Other types of adaptation

Although genetic diversity is clearly critically important for adaptive potential, alternative mechanisms for adaptation also exist. One of these relies less on the actual genetic variants being different, but rather how individual genes are used. This can happen in a few different ways, but mostly commonly this is through alternative splicing: when a gene is being ‘read’ and a protein is produced, different parts of the gene can be used (and in different order) to make a completely different protein.

Alternate splicing figure.jpg
An extreme example of alternate splicing of one gene. We start with a single gene, composed of 5 (AE) main gene elements (exons). Different environmental pressures (like fire risk, flooding, cold weather or predators, for example) cause the organism to use different combinations of these exons to make different proteins (right side; AD). Actual alternate splicing is not usually this straight-forward (one gene doesn’t conveniently split into four forms depending on the threat), but the process is generally the same.

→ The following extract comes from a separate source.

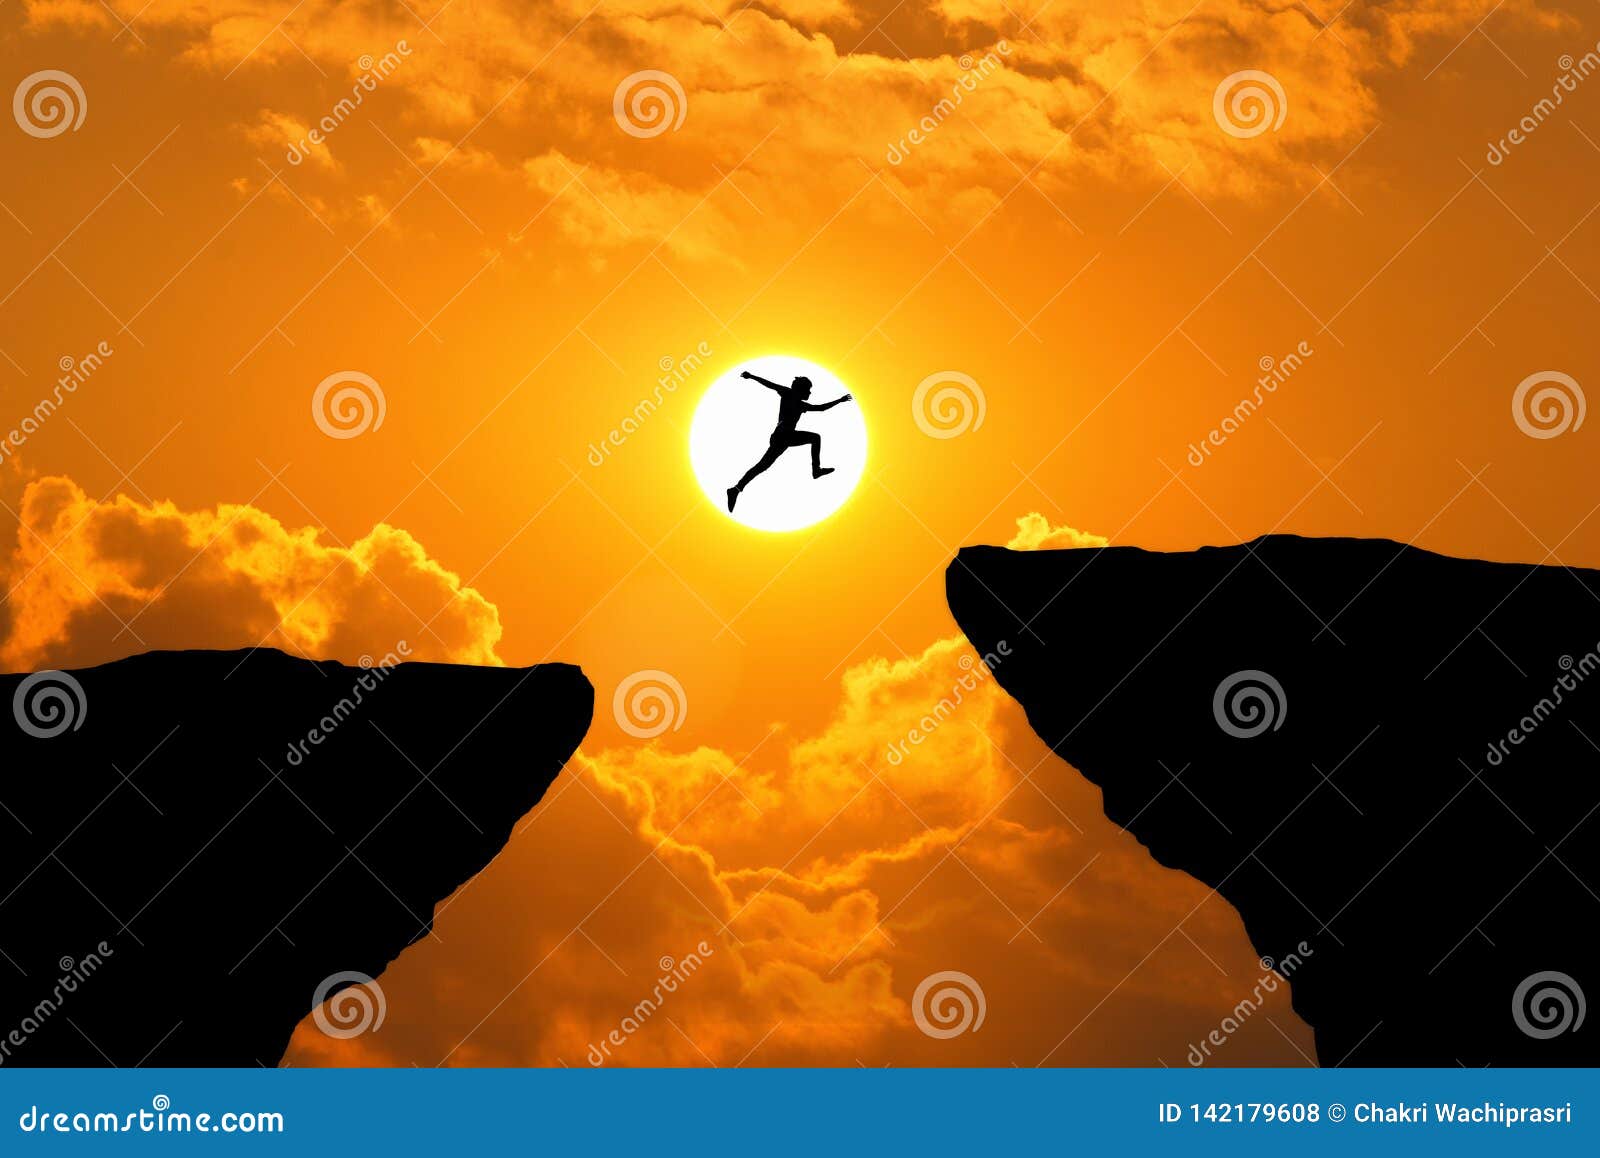 man jump through the gap between hill.man jumping over cliff

Believe it or not, we’ve sort of discussed the effects of alternative splicing before. Phenotypic plasticity occurs when a single organism can have very different physiological traits depending on the environment: even though the genes are the same, they are utilised in different ways to make a different body shape. This is how some species can look incredibly different when they live in different places even if they’re genetically very similar. That said, for the vast majority of species maintaining good levels of genetic diversity is critical for the survivability of said species.